Start at the line containing "Du chocolat toxique" and transcribe every line exactly through the end of the records below, and only those lines.

+-------+

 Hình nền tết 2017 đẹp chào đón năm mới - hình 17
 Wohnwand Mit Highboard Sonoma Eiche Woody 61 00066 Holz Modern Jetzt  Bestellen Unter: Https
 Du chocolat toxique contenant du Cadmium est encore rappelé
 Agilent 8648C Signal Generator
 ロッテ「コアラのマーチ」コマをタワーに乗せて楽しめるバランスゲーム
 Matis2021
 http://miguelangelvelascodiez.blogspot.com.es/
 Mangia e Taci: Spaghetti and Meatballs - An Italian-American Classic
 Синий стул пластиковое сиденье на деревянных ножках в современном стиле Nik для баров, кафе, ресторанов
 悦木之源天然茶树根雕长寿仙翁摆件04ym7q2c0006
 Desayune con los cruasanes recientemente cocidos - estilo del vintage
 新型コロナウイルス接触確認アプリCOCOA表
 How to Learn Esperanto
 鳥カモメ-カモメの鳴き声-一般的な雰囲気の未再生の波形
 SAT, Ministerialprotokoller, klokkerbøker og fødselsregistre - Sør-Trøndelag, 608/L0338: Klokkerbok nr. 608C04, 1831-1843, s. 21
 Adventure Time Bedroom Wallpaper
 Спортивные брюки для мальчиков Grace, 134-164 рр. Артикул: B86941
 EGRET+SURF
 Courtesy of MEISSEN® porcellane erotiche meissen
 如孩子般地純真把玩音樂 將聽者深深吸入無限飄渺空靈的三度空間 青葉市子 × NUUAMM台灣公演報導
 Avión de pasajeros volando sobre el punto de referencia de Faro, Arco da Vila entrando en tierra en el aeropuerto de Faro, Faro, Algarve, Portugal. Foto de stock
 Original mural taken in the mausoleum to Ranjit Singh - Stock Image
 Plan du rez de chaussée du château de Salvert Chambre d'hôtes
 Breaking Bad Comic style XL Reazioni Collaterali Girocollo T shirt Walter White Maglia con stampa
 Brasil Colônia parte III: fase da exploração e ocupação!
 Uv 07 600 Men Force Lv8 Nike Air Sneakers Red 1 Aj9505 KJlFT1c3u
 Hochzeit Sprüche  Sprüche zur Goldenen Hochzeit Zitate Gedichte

+-------+

■ RESPONSE TO THE TASK ■
 Du chocolat toxique contenant du Cadmium est encore rappelé
 Agilent 8648C Signal Generator
 ロッテ「コアラのマーチ」コマをタワーに乗せて楽しめるバランスゲーム
 Matis2021
 http://miguelangelvelascodiez.blogspot.com.es/
 Mangia e Taci: Spaghetti and Meatballs - An Italian-American Classic
 Синий стул пластиковое сиденье на деревянных ножках в современном стиле Nik для баров, кафе, ресторанов
 悦木之源天然茶树根雕长寿仙翁摆件04ym7q2c0006
 Desayune con los cruasanes recientemente cocidos - estilo del vintage
 新型コロナウイルス接触確認アプリCOCOA表
 How to Learn Esperanto
 鳥カモメ-カモメの鳴き声-一般的な雰囲気の未再生の波形
 SAT, Ministerialprotokoller, klokkerbøker og fødselsregistre - Sør-Trøndelag, 608/L0338: Klokkerbok nr. 608C04, 1831-1843, s. 21
 Adventure Time Bedroom Wallpaper
 Спортивные брюки для мальчиков Grace, 134-164 рр. Артикул: B86941
 EGRET+SURF
 Courtesy of MEISSEN® porcellane erotiche meissen
 如孩子般地純真把玩音樂 將聽者深深吸入無限飄渺空靈的三度空間 青葉市子 × NUUAMM台灣公演報導
 Avión de pasajeros volando sobre el punto de referencia de Faro, Arco da Vila entrando en tierra en el aeropuerto de Faro, Faro, Algarve, Portugal. Foto de stock
 Original mural taken in the mausoleum to Ranjit Singh - Stock Image
 Plan du rez de chaussée du château de Salvert Chambre d'hôtes
 Breaking Bad Comic style XL Reazioni Collaterali Girocollo T shirt Walter White Maglia con stampa
 Brasil Colônia parte III: fase da exploração e ocupação!
 Uv 07 600 Men Force Lv8 Nike Air Sneakers Red 1 Aj9505 KJlFT1c3u
 Hochzeit Sprüche  Sprüche zur Goldenen Hochzeit Zitate Gedichte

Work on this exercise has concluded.